The two electric-only waters I fish around here are free. For awhile, the local reservoir (Lake Pee Wee) had a one-time fee of $2.49 which got you two stickers to put on your boat (1 per side). They were bright yellow stickers about 3" in diameter, and you had to have them to be on the water. Last year that ended, but I'm leaving the stickers on my boat, because I have a feeling the fee may return. I'm still trying to figure out how they came up with the weird price of $2.*49*.


----------



## Zum (May 30, 2010)

Free here.
Just wondering....where-who do you pay for the day rates?
Is there a guy sitting in a shack all day waiting for someone to come by,toll booth afair,honor system(ya right)??
I unstand the yearly sticker fee just the day pass thing.


----------



## Crankworm (May 30, 2010)

I feel your pain dyeguy I've already bought a MI state park sticker, just got home from Ludington where the ramps are run by the city they raised the rates to an ungodly $60 annually for non city residents, and I will be over in Au Gres MI where the ramp is DNR run in two weeks. I will have $108 in stickers stuck to my windshield, I really hope it doesn't get cracked or broken.


----------



## Codeman (May 30, 2010)

S&MFISH said:


> Codeman,What state park ramps are are $0? At Lake of the Ozarks State Park you are charged by size; $5-$30, in and out.
> 
> Here in Jefferson County,It's $3 per day or $40 per year for passes to the three main parks on the Big River(2 of them have ramps).The MO.Dept. of Conservation ramps on the Big,Meramec,and Gasconade are $0.
> 
> ...



Wow no kidding. I haven't one down in this part of the state that you have to pay at. excuse my ignorance. LOL I don't get out much. :mrgreen:


----------



## bear7625 (May 31, 2010)

Where I live in wisconsin, most ramps are free. There are some areas I've been to that charge $4. You put your $4 in an envelope at the site and keep the stub. If you get stopped on the water you show them the stub. They also record the number on the stub in case you "forgot" to leave the money.


----------



## teamhoytpa (May 31, 2010)

The majority of lakes in PA are free. It its owned by Fish and boat, DNR, or army corps they are free. There is one lake (wallenpaupack) that HAS a ramp you pay to launch, but there is free Fish and boat access further up the lake. 
Just as long as a boat is registered or has a permit it's good to go =D>


----------



## S&amp;MFISH (Jun 1, 2010)

No Ignorance there Codeman,It's on me.I thought all Statepark ramps were Fee ramps.I believe the ramp At Mark Twain SP is also fee,Or run by ACOE.


----------



## bassboy1 (Jun 1, 2010)

Zum said:


> Free here.
> Just wondering....where-who do you pay for the day rates?
> Is there a guy sitting in a shack all day waiting for someone to come by,toll booth afair,honor system(ya right)??
> I unstand the yearly sticker fee just the day pass thing.

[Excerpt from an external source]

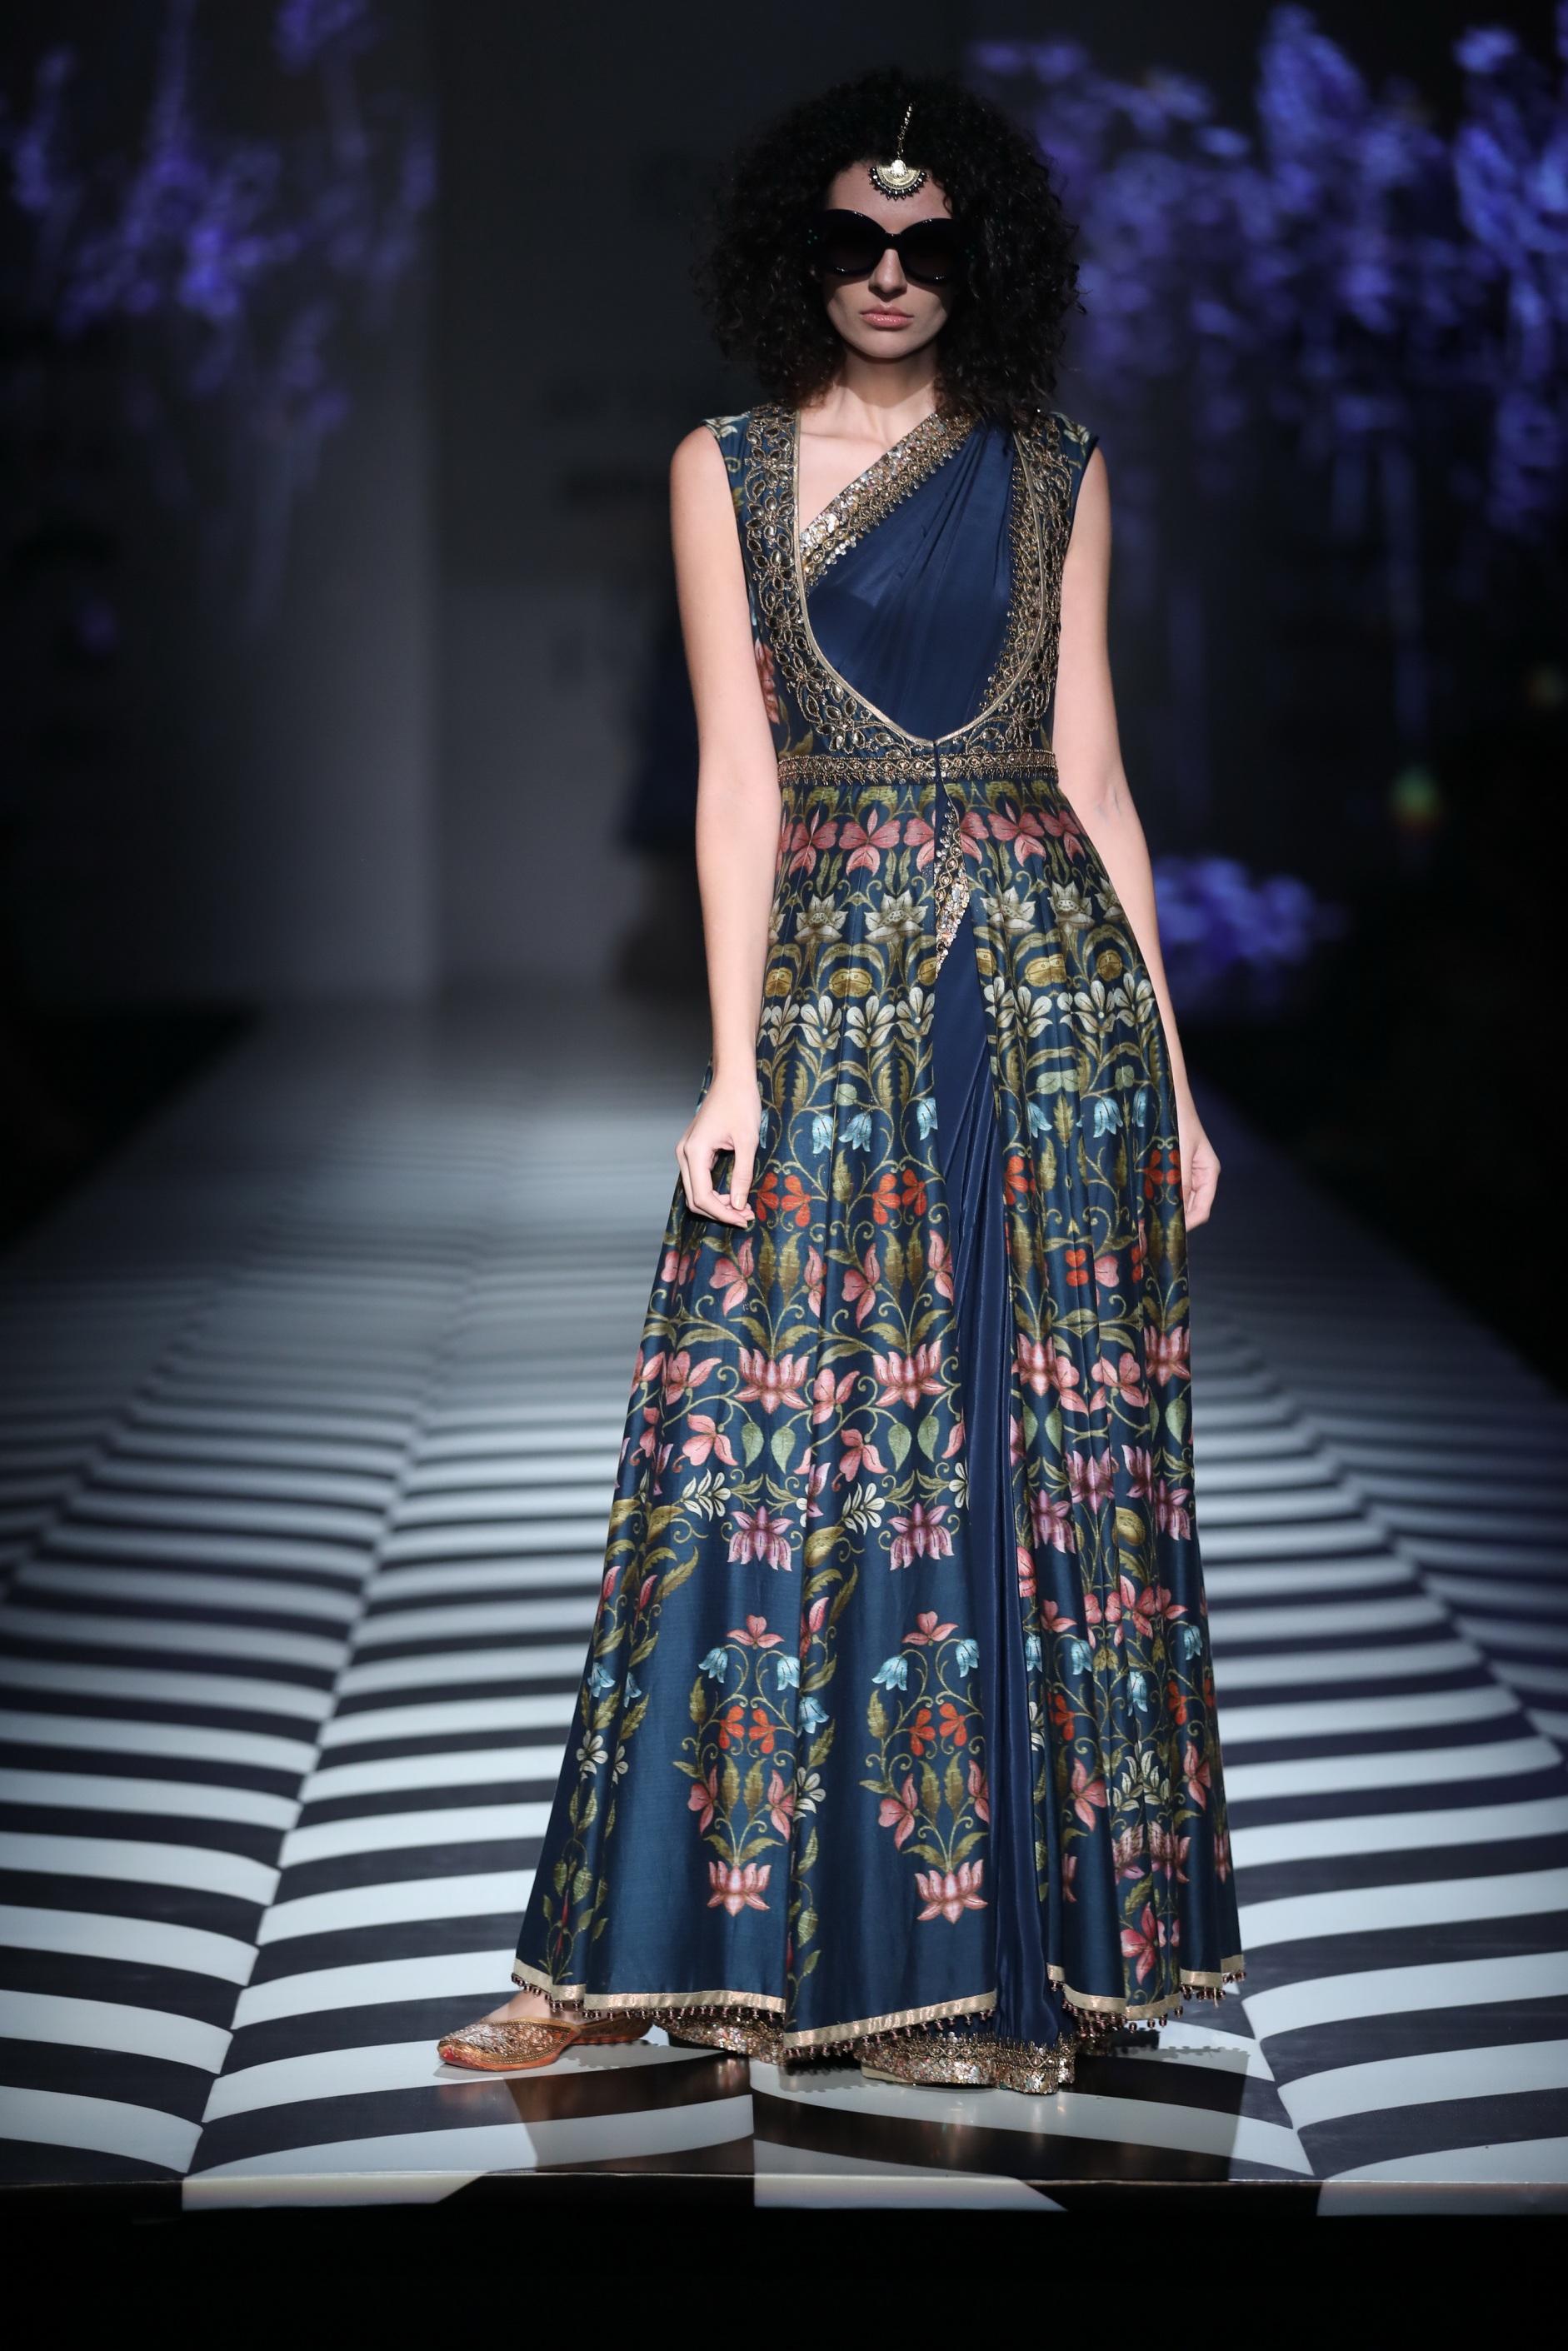 Dubai Fashion Week

There are a couple of metal boxes at each ramp (speaking mostly Corps of Engineers ramps here). One side has a bunch of envelopes, that you take out, tear off the tag for hanging on your rearview mirror, stick 3 bucks in the envelope, and put the envelope in the other side of the box. They do patrol on a very regular bases, writing tickets if you fail to have the hanging tag. Each tag and envelope has a matching serial number. 

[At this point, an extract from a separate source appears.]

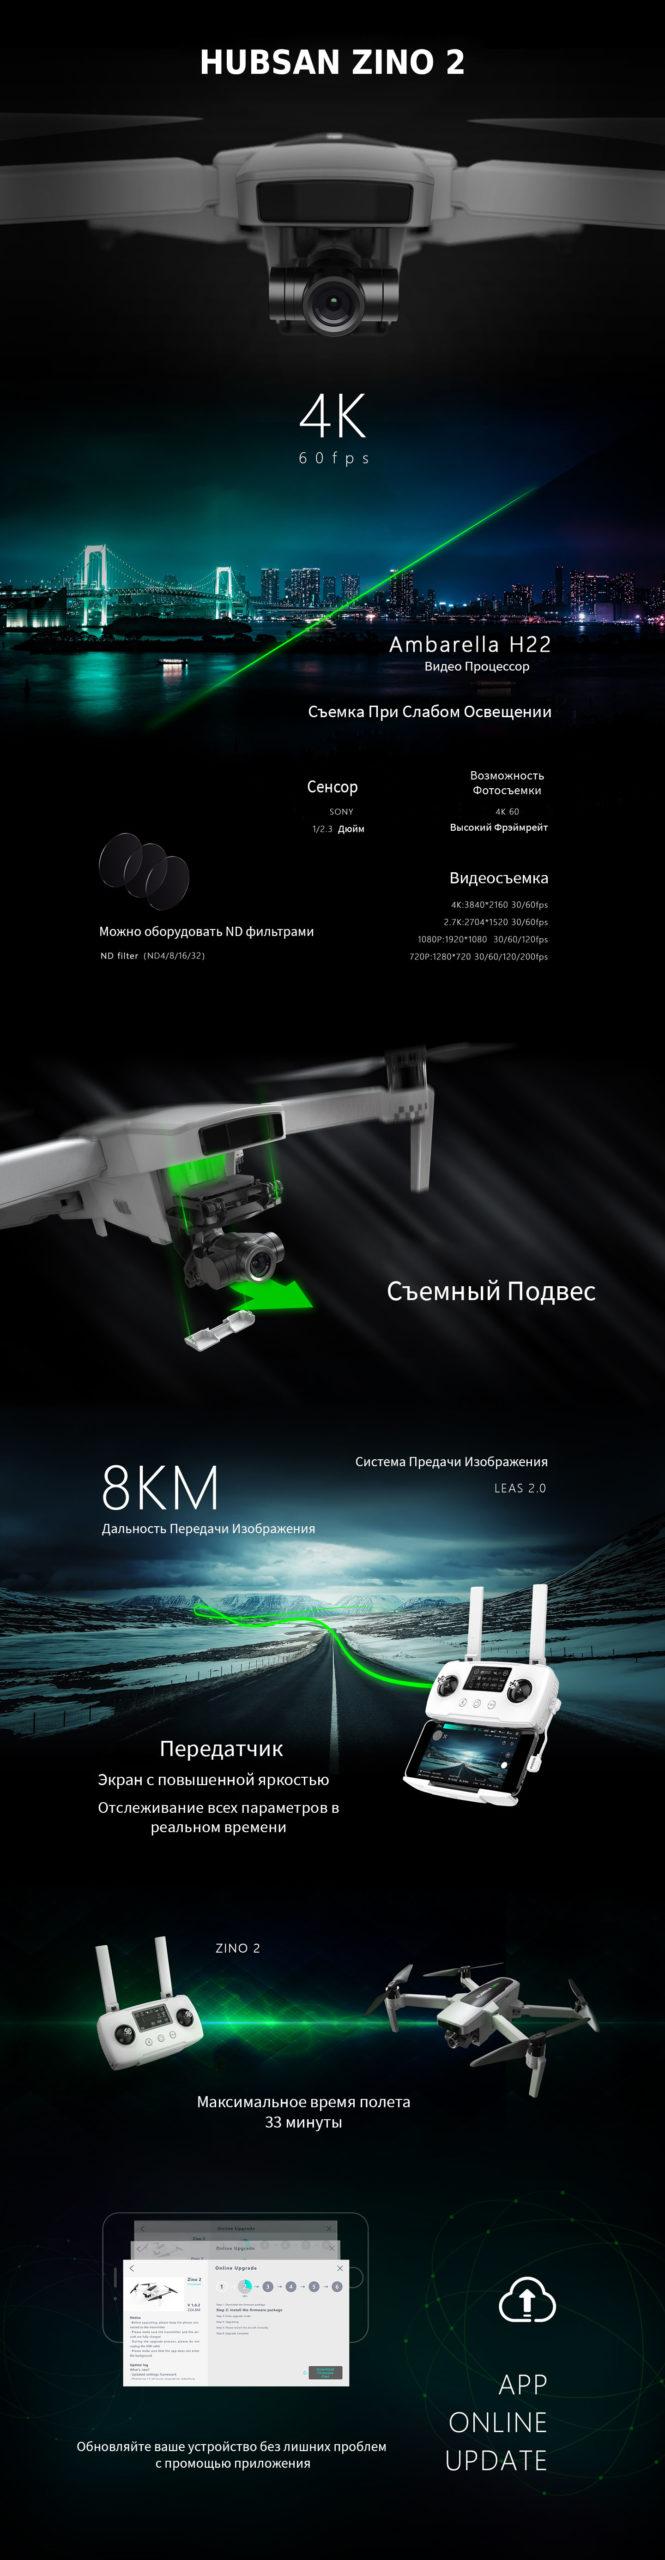 Квадрокоптер Hubsan Zino 2

At a few of the large ramps, there will be a gate keeper, and you pay as you enter at that point. However, that is only on busy/holiday weekends. Any other time, you use the fee box. 

If you buy the annual pass, it is a plastic thing that hangs on your mirror. 

Most of the COE ramps are real nice ramps, and are kept clean and in good repair, so for me, 30 bucks a year isn't the end of the world, especially since most of the large lakes around here are COE lakes, and the pass works at any and all of the COE ramps. 

We do have a few more free ramps that I failed to mention.


----------



## breachless (Jun 1, 2010)

They are pretty much all free here in Minnesota... You might find the occasional private access that charges a fee, but other than that, it's a free for all.


----------



## Zum (Jun 1, 2010)

Hmmm....thanks for the onfo.
Really didn't know.


----------



## Codeman (Jun 1, 2010)

bassboy1 said:


> Zum said:
> 
> 
> > Free here.
> ...



Pretty sure that is the case with Corps Lakes nationwide now.


----------



## lswoody (Jun 1, 2010)

Most ramps are free but some are $2-$3 a day, if there is a fee.


----------